How to complete this task => Set down, exactly as written, the lines from the line holding "Homemade Valentine Gift Basket Ideas" to the end of the data, inclusive, skipping any pictures.

======== Information supplied ========

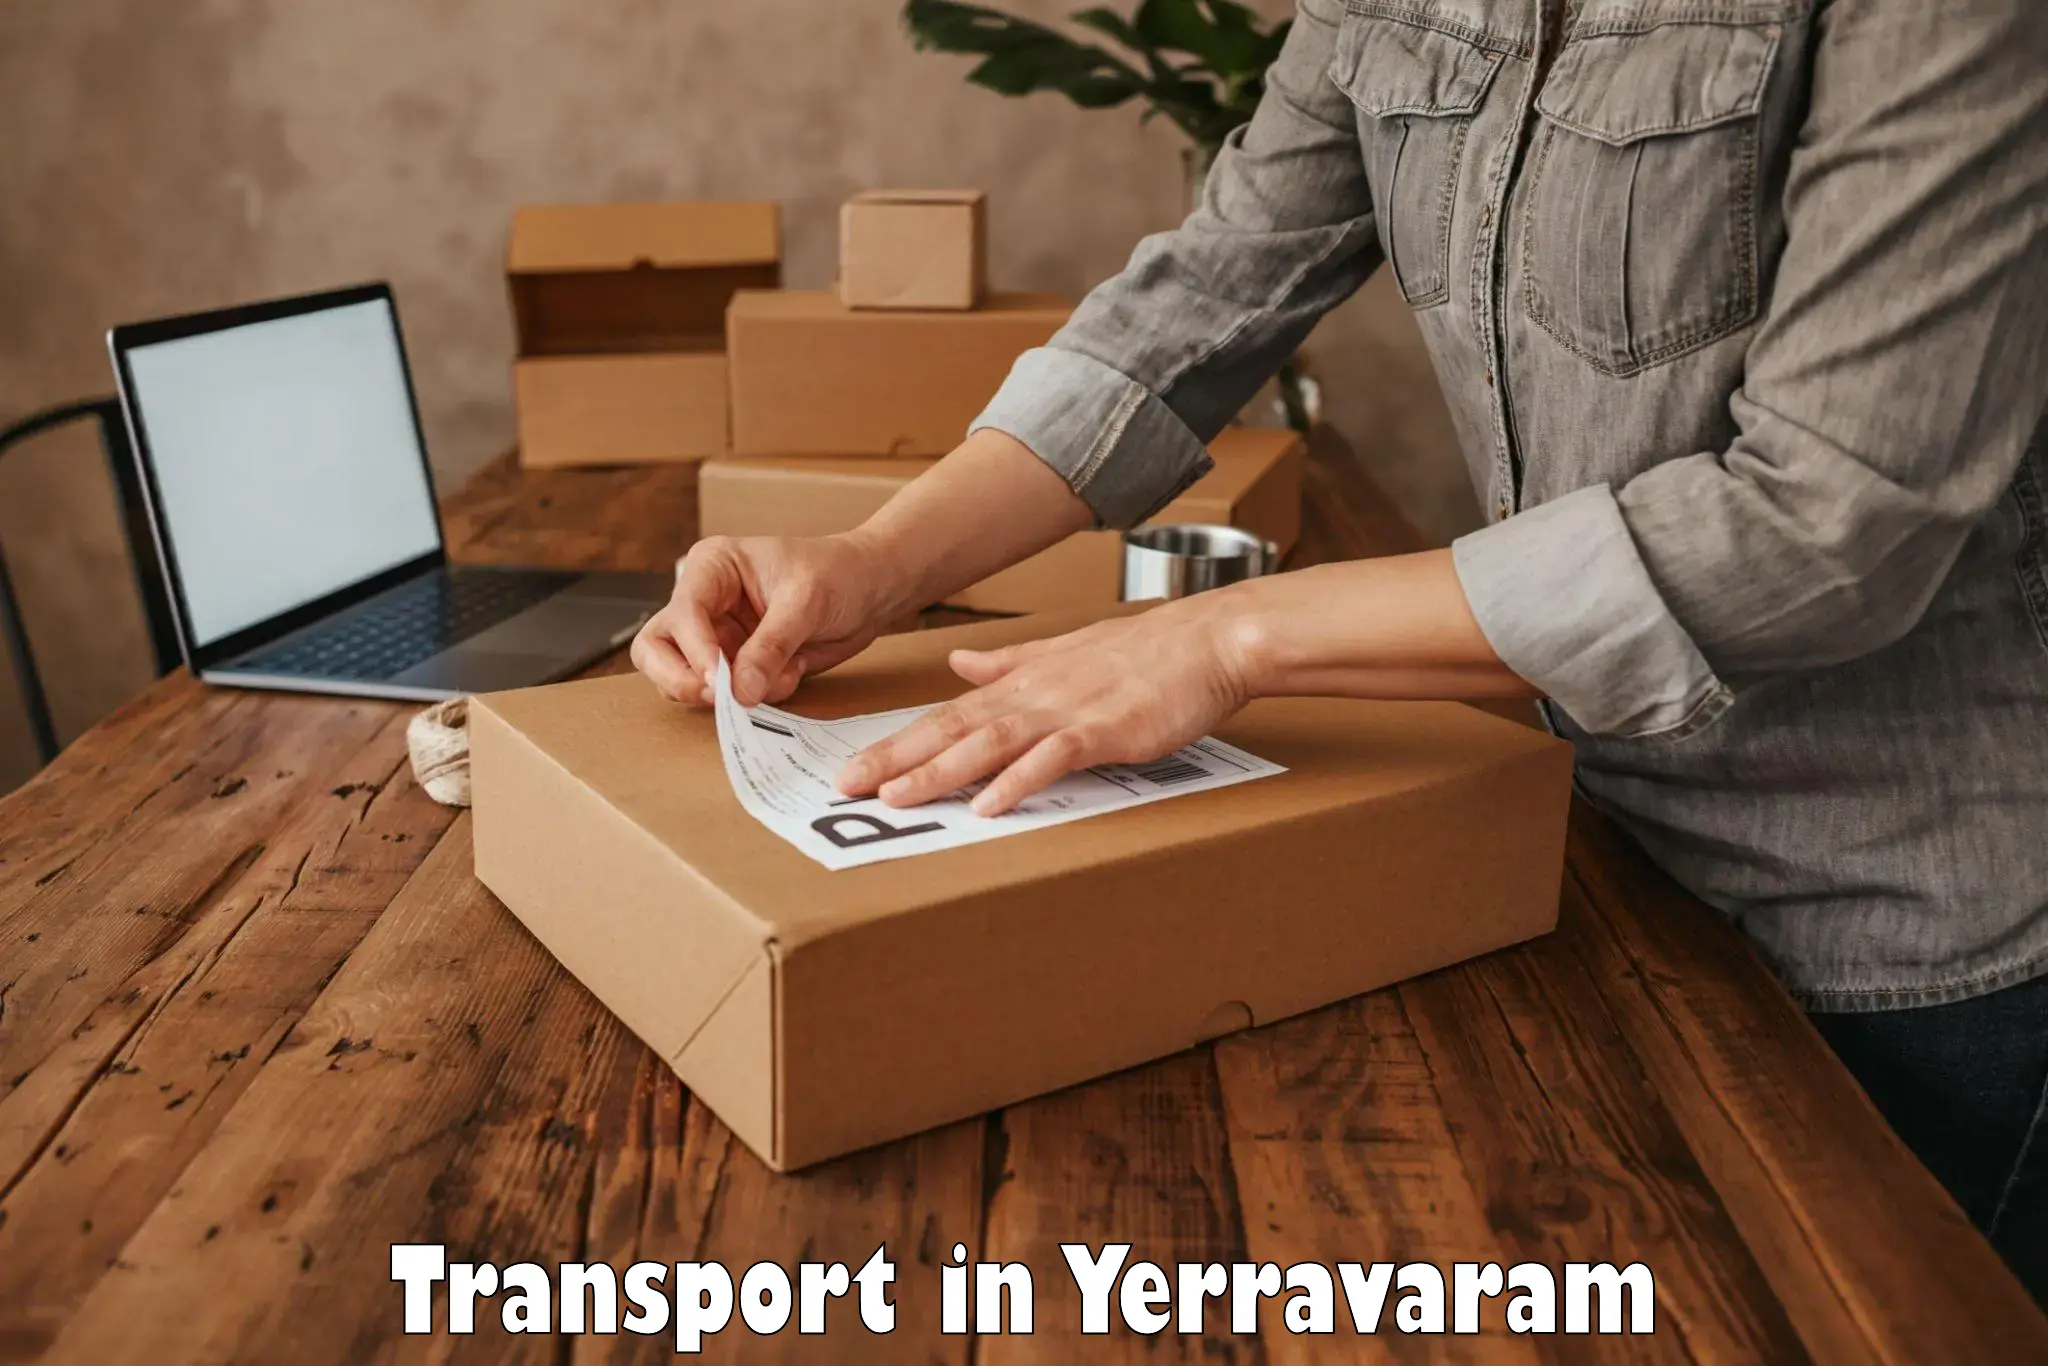 Truck transport companies in India in Yerravaram
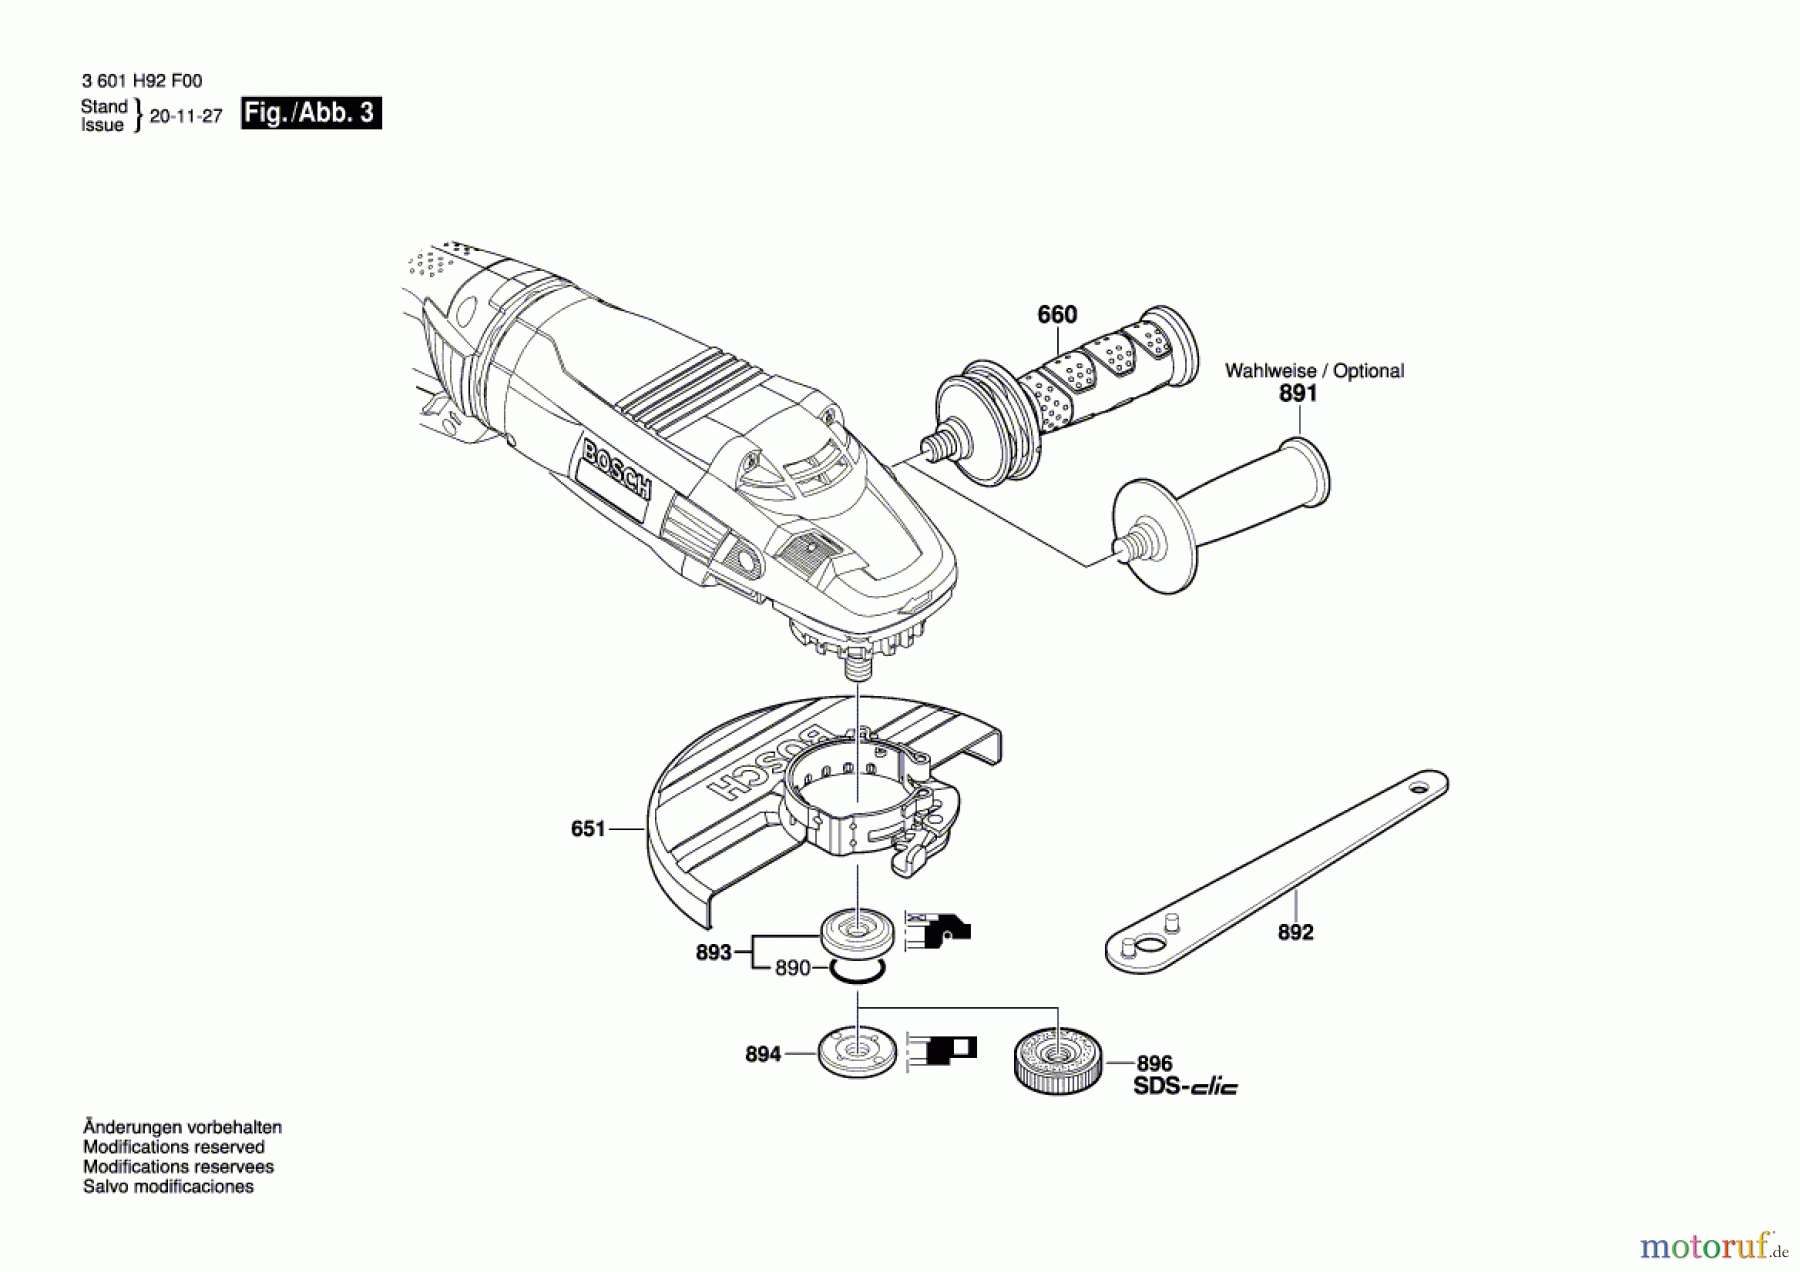  Bosch Werkzeug Winkelschleifer GWS 26-230 LVI Seite 3
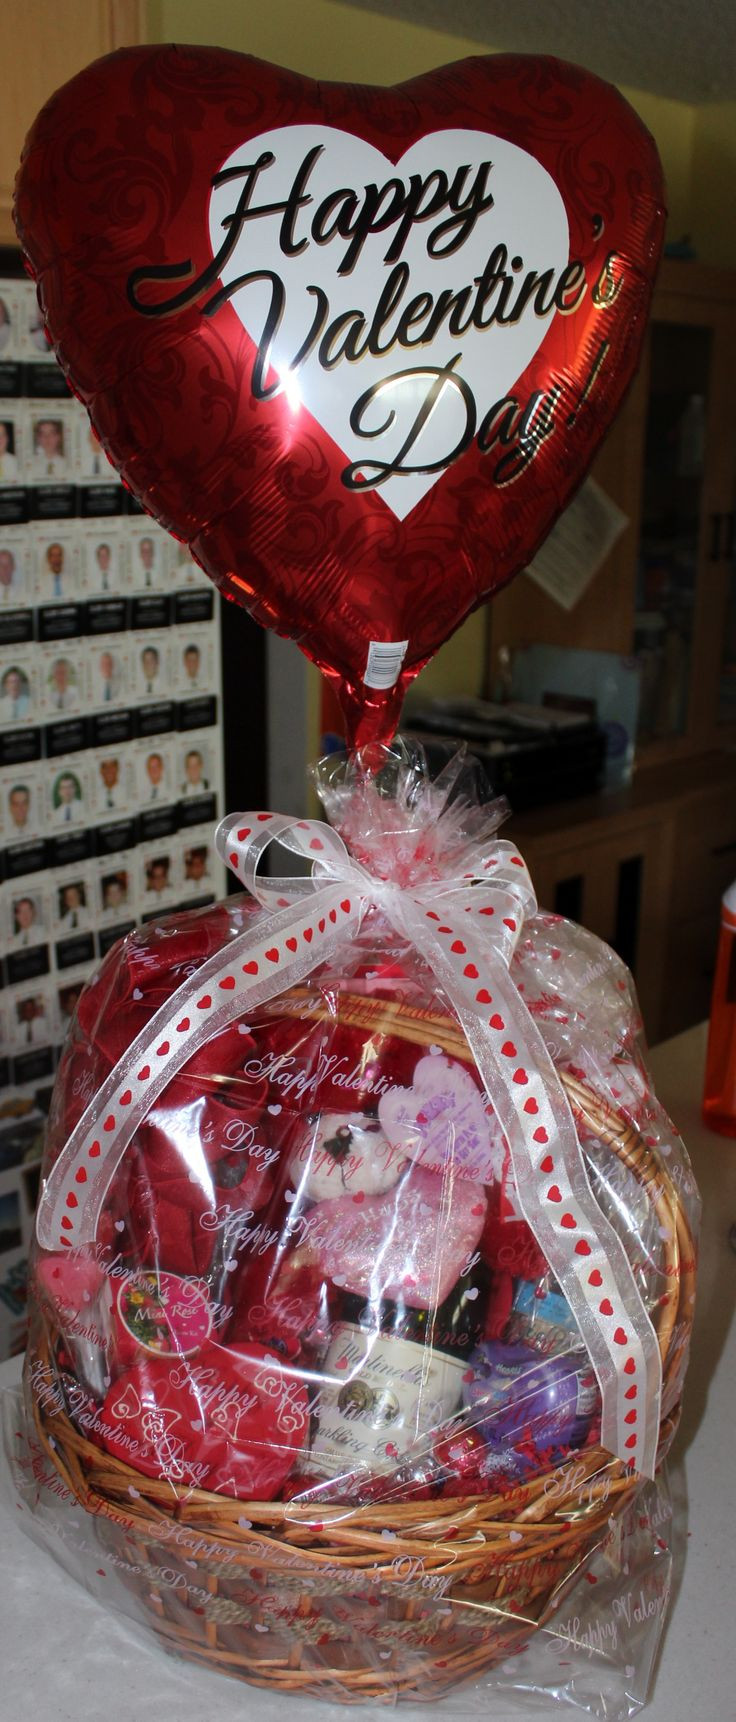 Homemade Valentine Gift Basket Ideas
 Best 25 Valentine t baskets ideas on Pinterest

========

Answer =>
 Homemade Valentine Gift Basket Ideas
 Best 25 Valentine t baskets ideas on Pinterest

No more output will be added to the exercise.